→ DATA:
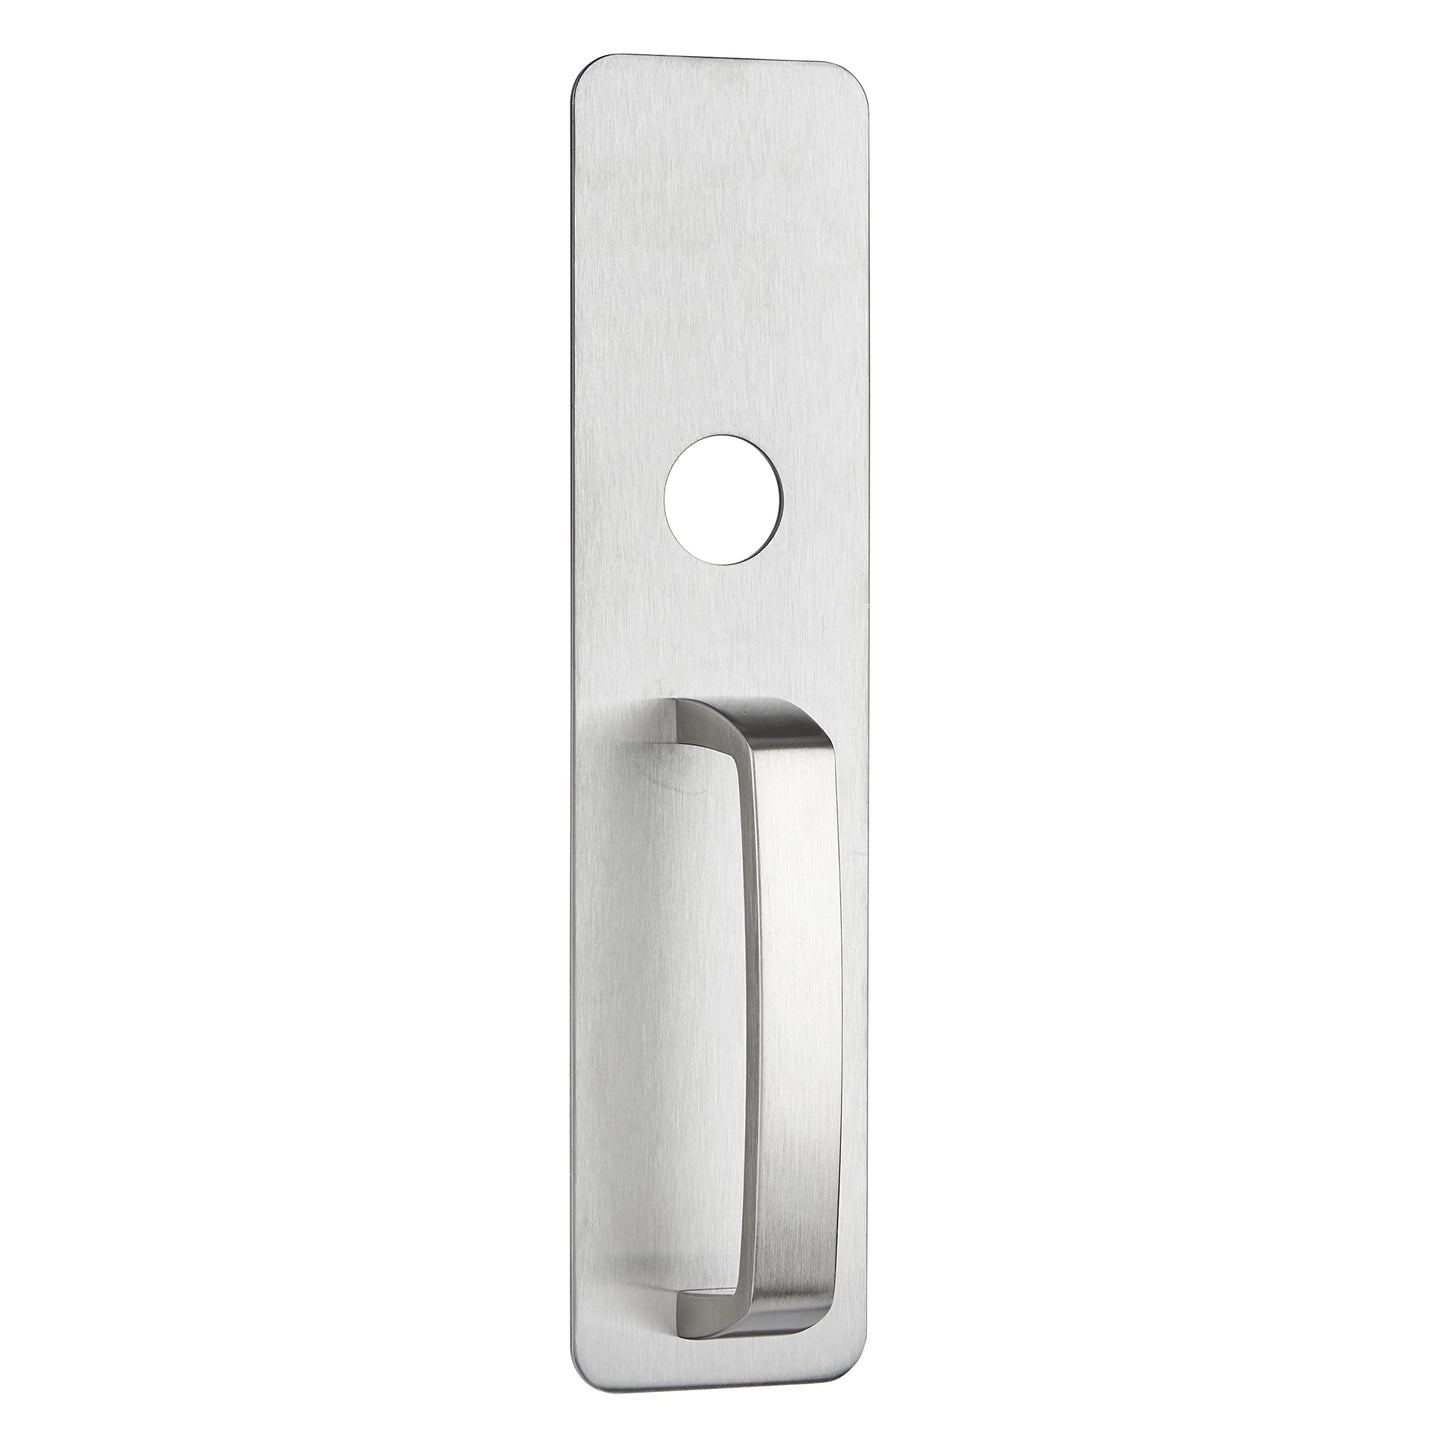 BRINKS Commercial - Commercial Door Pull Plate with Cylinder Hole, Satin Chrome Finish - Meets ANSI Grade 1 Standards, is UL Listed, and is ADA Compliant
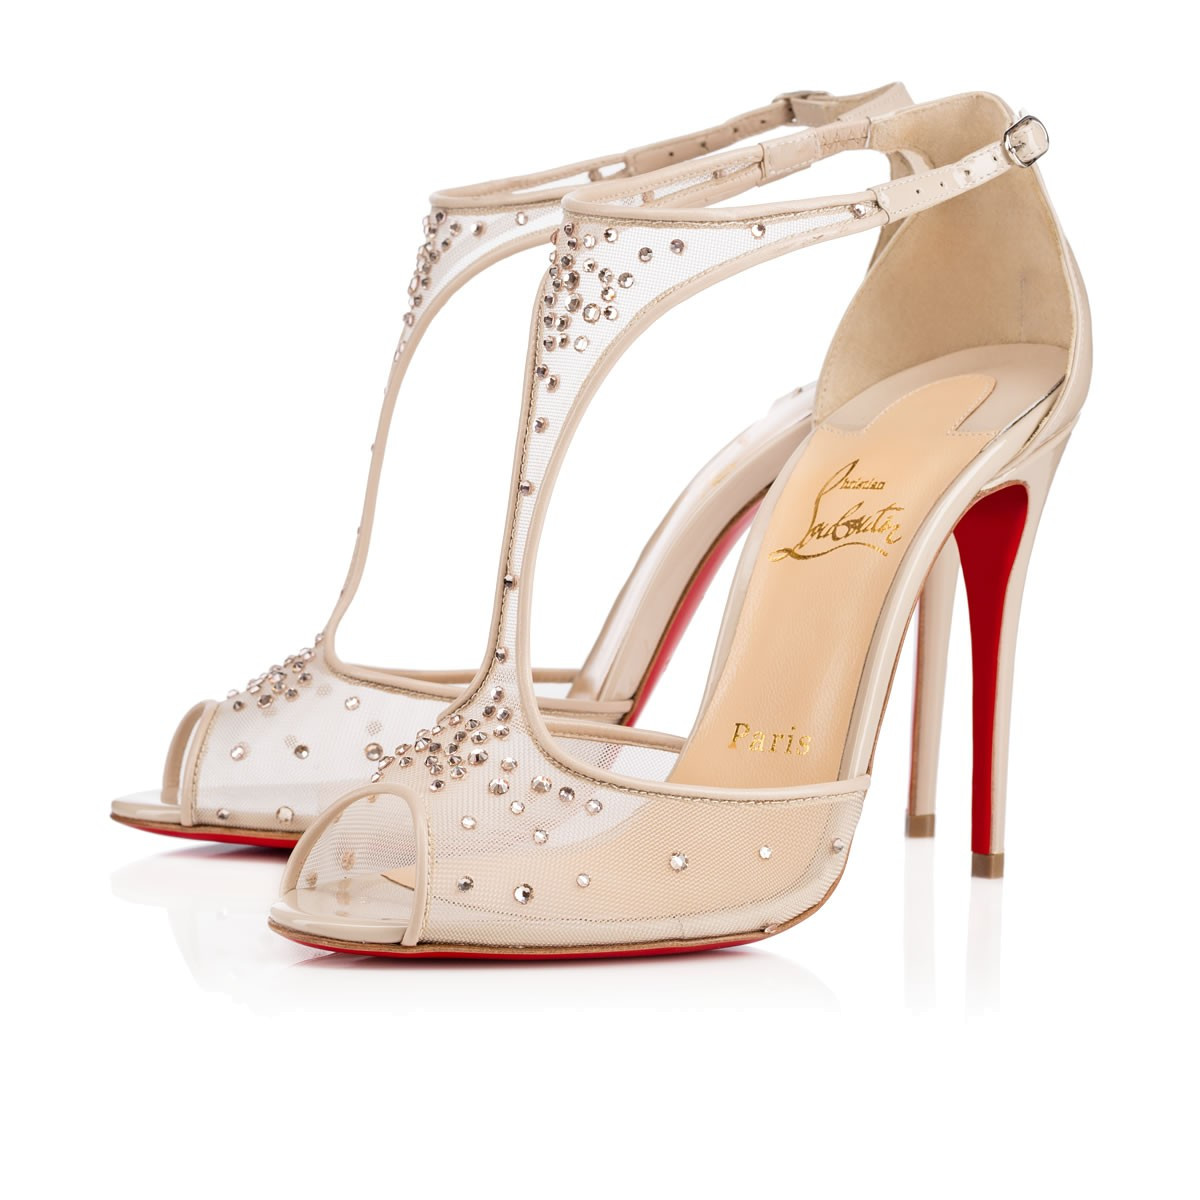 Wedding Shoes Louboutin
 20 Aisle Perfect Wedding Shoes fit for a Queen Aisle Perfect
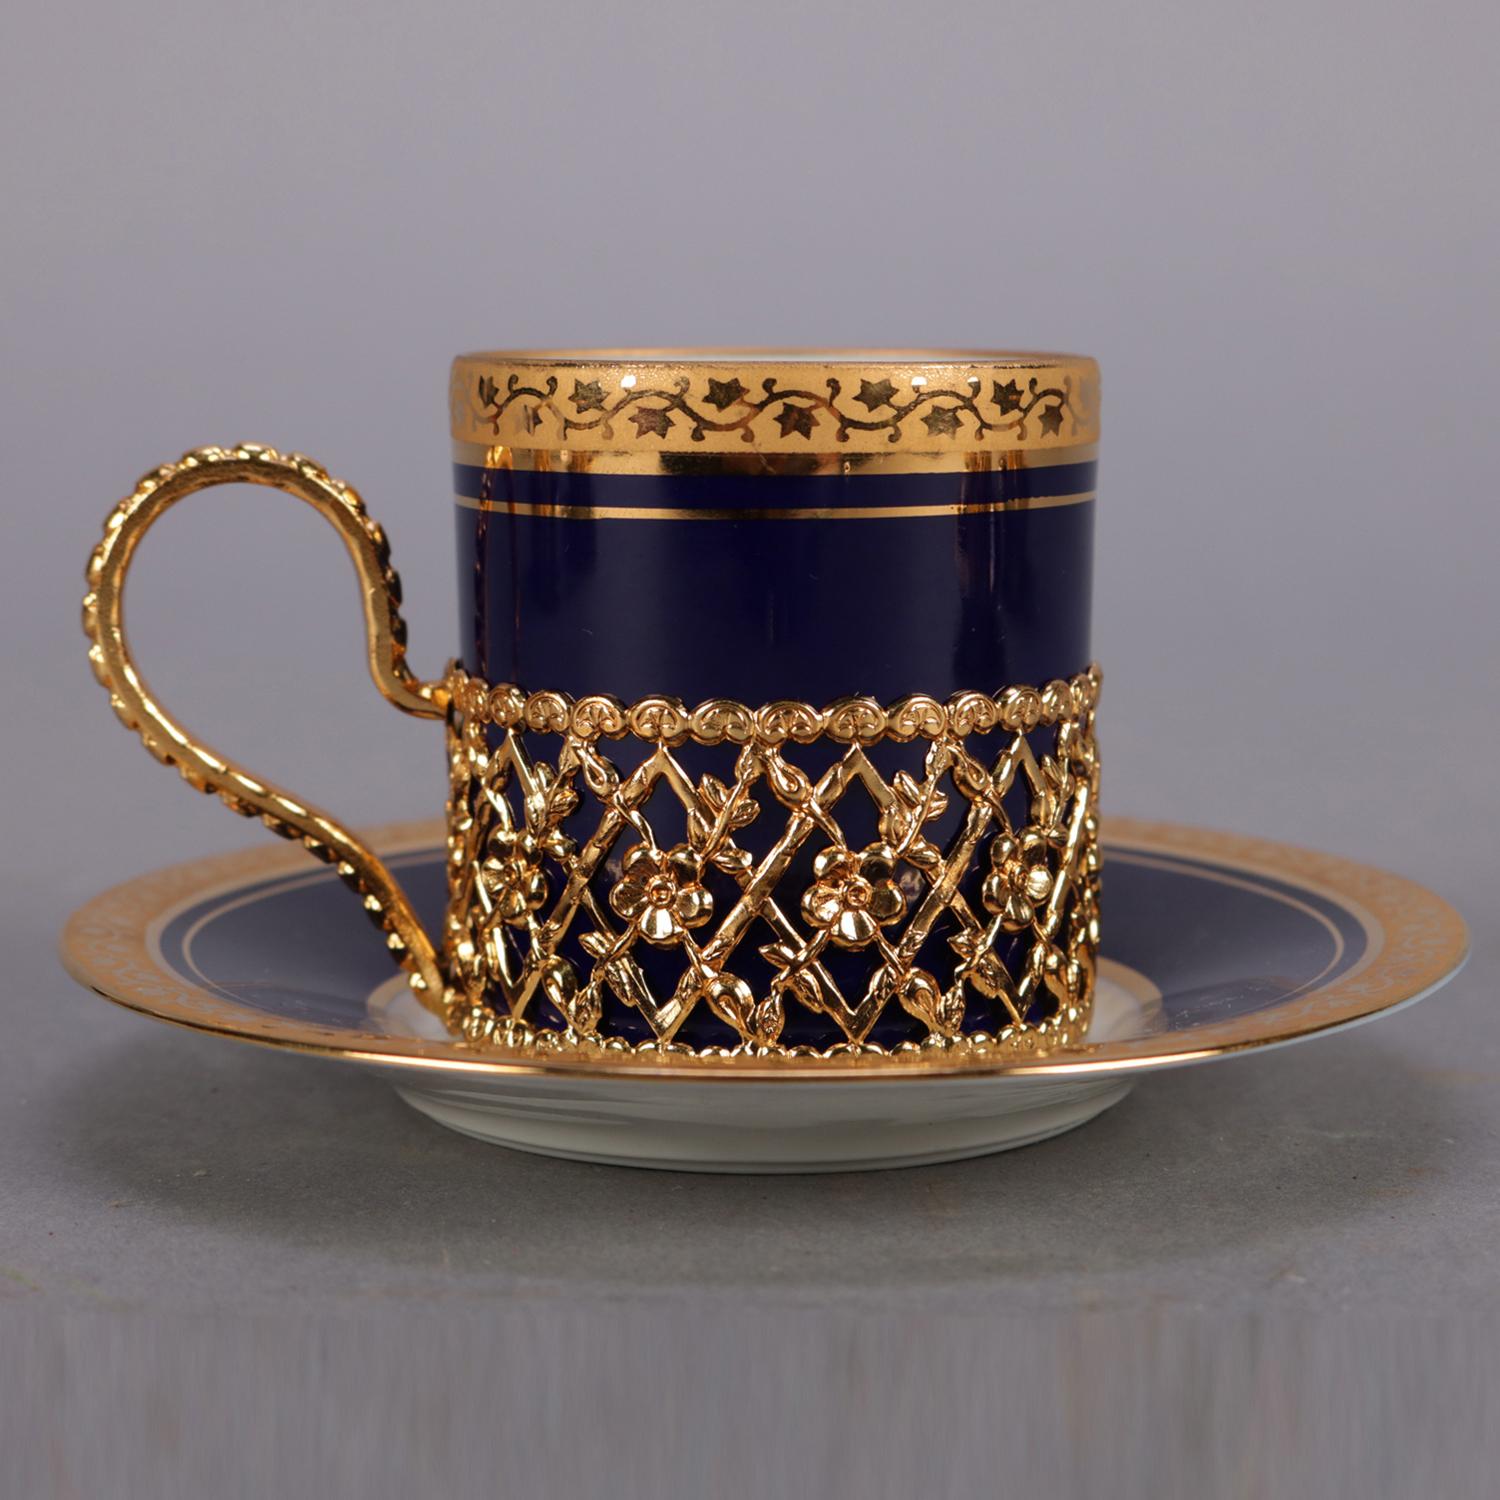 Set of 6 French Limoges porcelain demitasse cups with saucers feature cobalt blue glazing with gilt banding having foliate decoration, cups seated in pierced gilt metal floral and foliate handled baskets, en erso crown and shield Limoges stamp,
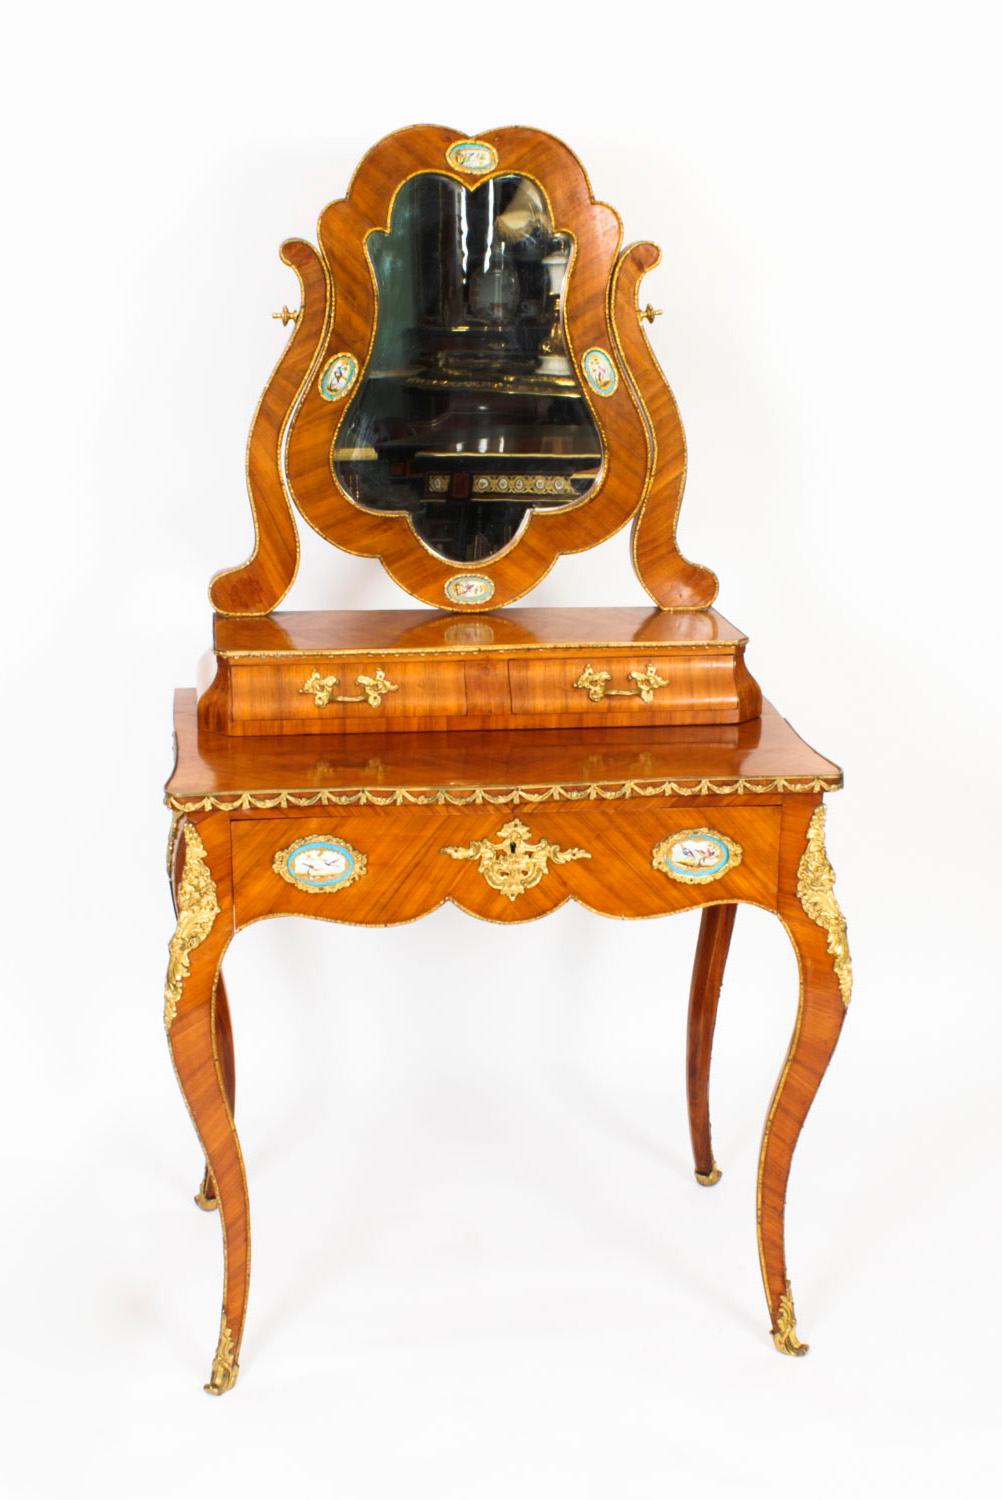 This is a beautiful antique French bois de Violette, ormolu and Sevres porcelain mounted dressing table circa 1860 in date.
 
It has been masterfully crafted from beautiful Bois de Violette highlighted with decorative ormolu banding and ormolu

→ TASK GOAL:
No pictures belong in the copy; quote exactly the lines from the line containing "This is a beautiful" through the final line of the material, both ends included.

→ TASK SOLUTION:
 This is a beautiful antique French bois de Violette, ormolu and Sevres porcelain mounted dressing table circa 1860 in date.
 
It has been masterfully crafted from beautiful Bois de Violette highlighted with decorative ormolu banding and ormolu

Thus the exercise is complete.